Światło zapaliło się a cichy głos Justin’a sprawił, że na kolanach wyszłam z
ukrycia.
- Wszystko w
porządku?- chłopak podszedł do mnie. Zignorowałam dziwnie wyglądającą broń w
jego ręku i przytuliłam się do jego klatki piersiowej.
- Wszystko dobrze.-
mruknęłam w jego szyję.
- Spakuj
najpotrzebniejsze rzeczy i poczekaj na mnie w pokoju.- chłopak pocałował mnie w
czoło i szybkim krokiem wyszedł z pokoju, poprawiając broń w swojej dłoni.
Minęło ponad pół
godziny od kąt Bieber wyszedł z pokoju.
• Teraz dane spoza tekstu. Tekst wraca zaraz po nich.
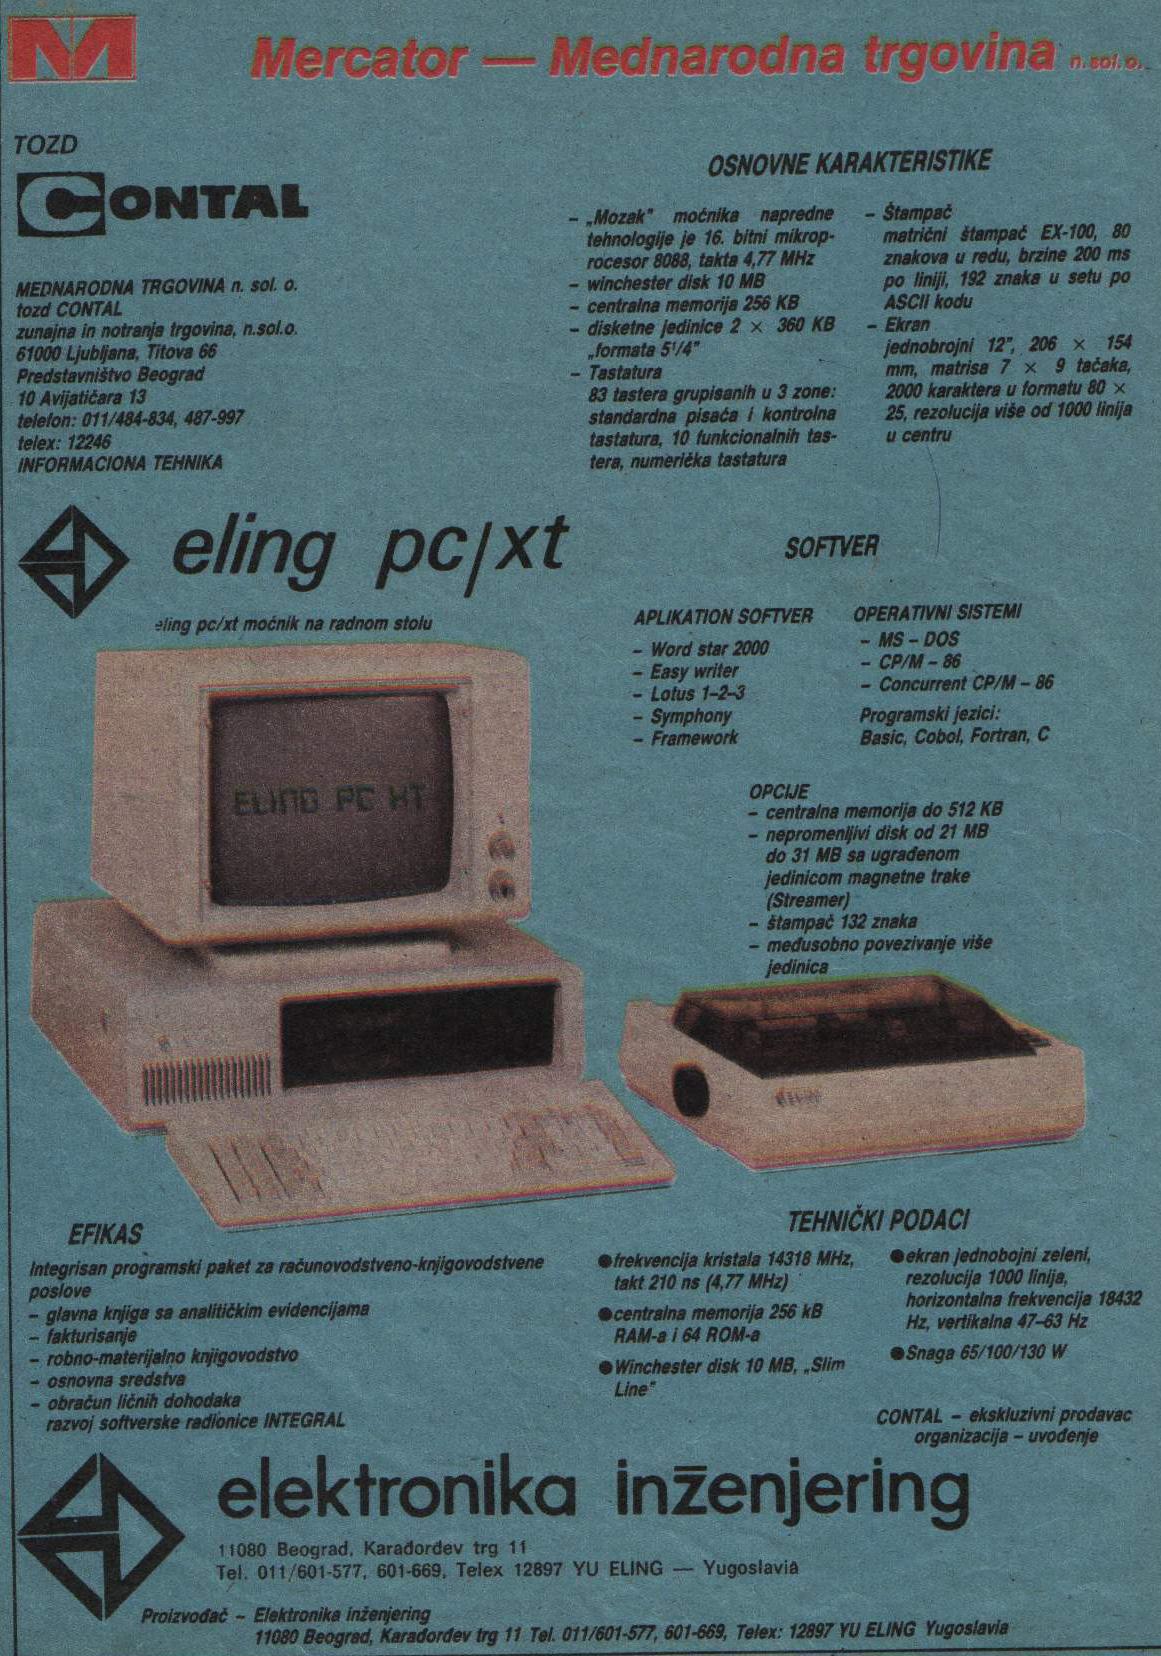 ELING PC XT

Postanowiłam sprawdzić co się dzieje,
więc chwyciłam małą, podręczną torbę i ubrana w normalne ubrania wyszłam z
pokoju. Zatrzymałam się przy schodach słysząc hałasy i wzięłam głęboki oddech
powoli schodząc na dół. Zatrzymałam się w połowie schodów, zasłaniając wolną
ręką buzię i wpatrując się w prawdopodobnie, martwe ciało leżące na podłodze.
Jako pierwszy zauważył mnie Max i zagwizdał, zwracając uwagę reszty i z kwaśną
miną wykonał ruch ręką, każąc mi tym zejść na dół. Stojąc na korytarzu
zauważyłam młodego, nieprzytomnego chłopaka, przywiązanego do krzesła.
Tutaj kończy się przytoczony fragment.